We obtain a traditional decision tree with highest accuracy of 64%, 6 leaves, and 5 levels, see Fig. 2 (left). The QLDT, see Fig. 2 (right), with its highest accuracy of 70% is achieved when we choose \(\theta _\rho =0.71\) and \(\tau =0.045\). That QLDT corresponds to the expression

$$\begin{aligned} e:=\lnot t \wedge \lnot r \wedge f \wedge m \end{aligned}$$

and its evaluation is

$$\begin{aligned}{}[e]=[\lnot t] \cdot [\lnot r] \cdot [f] \cdot [m]. \end{aligned}$$

6 Conclusion

Table 1. Differences between Boolean-logic-based decision tree and quantum-logic inspired decision tree

In our paper we suggest a decision tree classifier based on quantum logic. In contrast to Boolean logic, quantum logic can directly deal with continuous data, which is beneficial for many classification scenarios. Other than fuzzy logic, our quantum logic approach obeys the rules of the Boolean algebra. Thus, Boolean expressions can be transformed accordingly and a check of hypotheses against a Boolean expression becomes feasible.

In Table 1 we compare Boolean-logic-based decision trees with our quantum-logic inspired decision tree with respect to several criteria.

In a Boolean-logic-based decision tree every split decision at node level represents Boolean conditions and can be regarded as axis-parallel decision lines within the input space. For a QLDT the restriction on axis-parallel lines does not hold. A QLDT is appropriate in scenarios where the classification decision relies on sums and products rather than on a combination of Boolean values. The input for the threshold-based class decision is the evaluation result of the QLDT.
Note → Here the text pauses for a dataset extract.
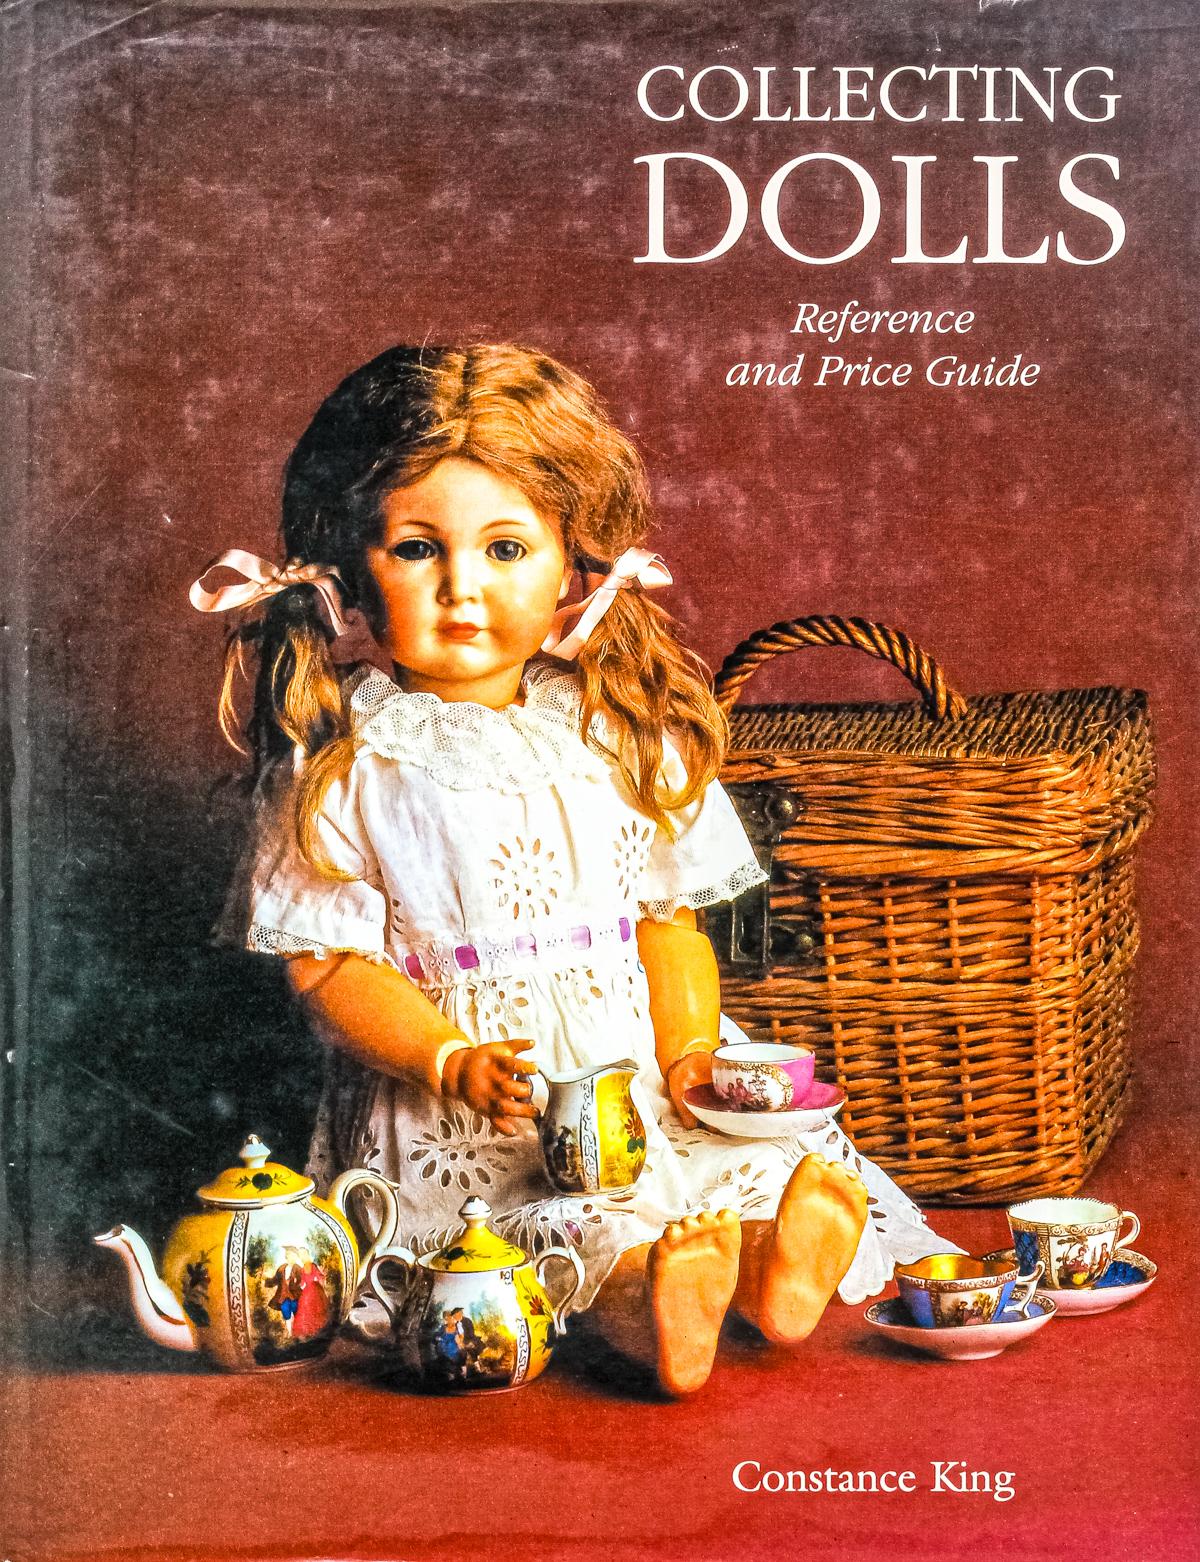 "COLLECTING DOLLS"

A QLDT represents syntactically a Boolean expression for one class. Thus, a QLDT classifier is a one-class classifier. Many-class classification problems can be transformed to multiple one-class classifier decisions.

Every inner QLDT node corresponds to exactly one logical expression with two outcomes. Since we drop 0-class leaves, some inner nodes have only one child. In contrast, a split rule in a traditional decision tree leads to more than or exactly two children.
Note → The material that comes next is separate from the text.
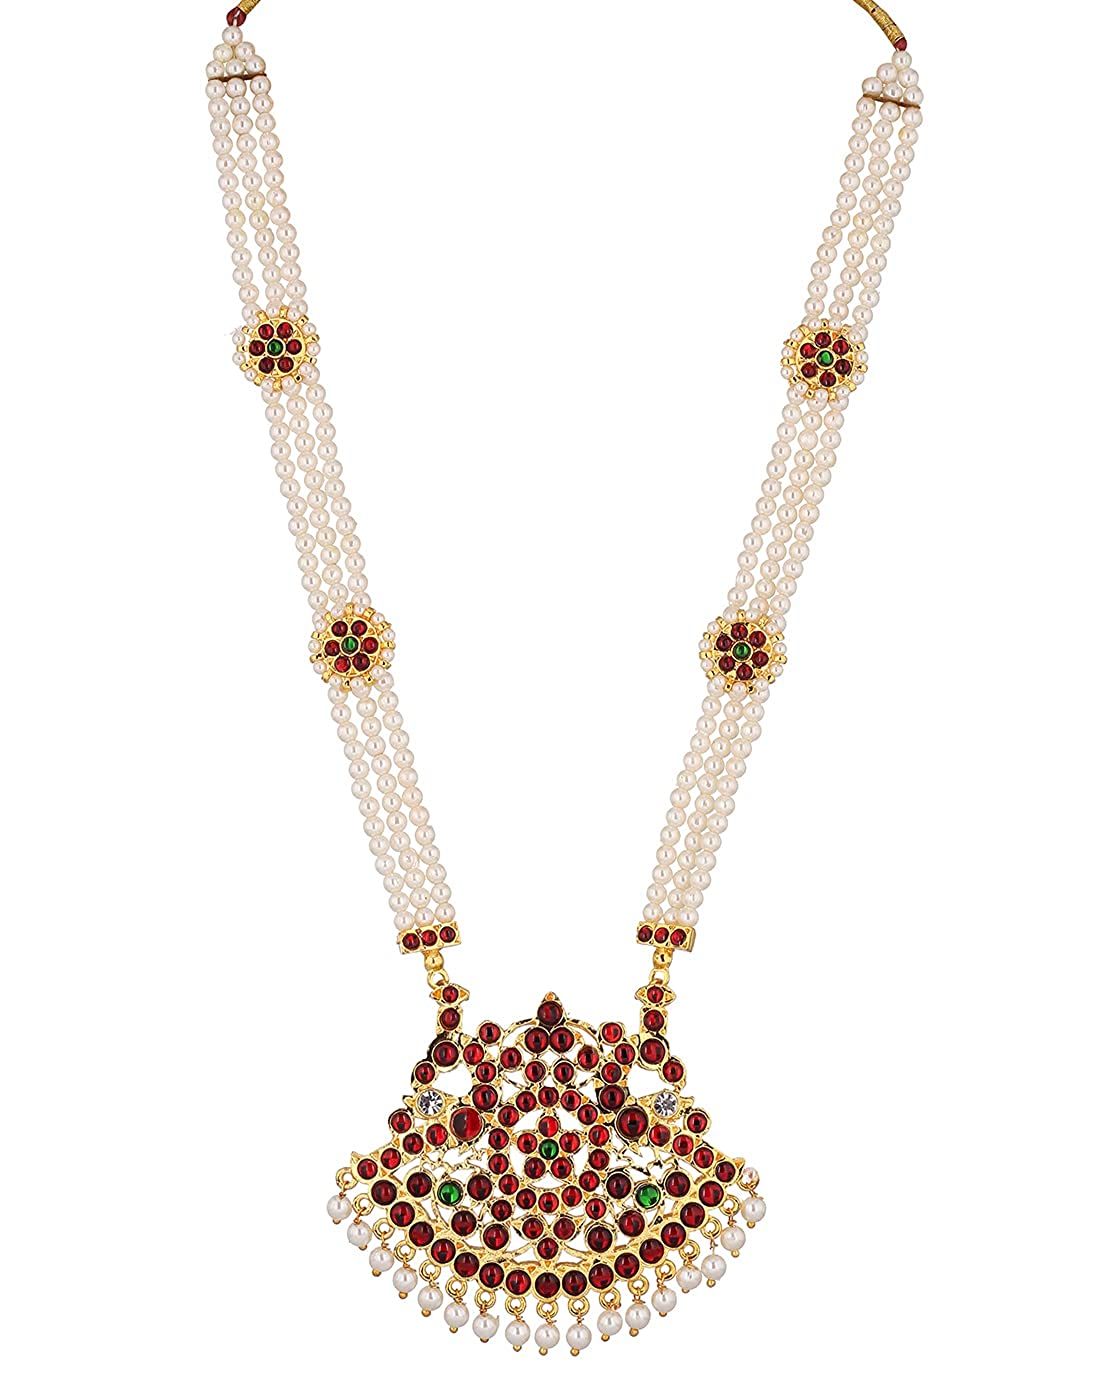 Bharatanatyam Majestic Pearl Long Necklace- Goldencollections

For our QLDT we assume attribute values from the unit interval. The normalized rank position mapping maps ordinal and metric attribute values to the unit interval. But what about categorical attributes? We did not discuss this aspect but it can be easily solved by introducing an artificial attribute for each category.

As discussed above, the class decision in a traditional decision tree depends on exactly one leaf in contrast to the sum of all leave scores in a QLDT.

The complexity of a Boolean-logic-based decision tree for a number n of attributes corresponds to the number of leaves. In the worst case, that number is exponential. However, in many real-case-scenarios the number of leaves is much lower. In contrast, the generation of the QLDT requires to compute the weight for all \(2^n\) minterms. Thus, too many attributes cause a complexity problem more for the QLDT rather than for a Boolean-logic-based decision tree.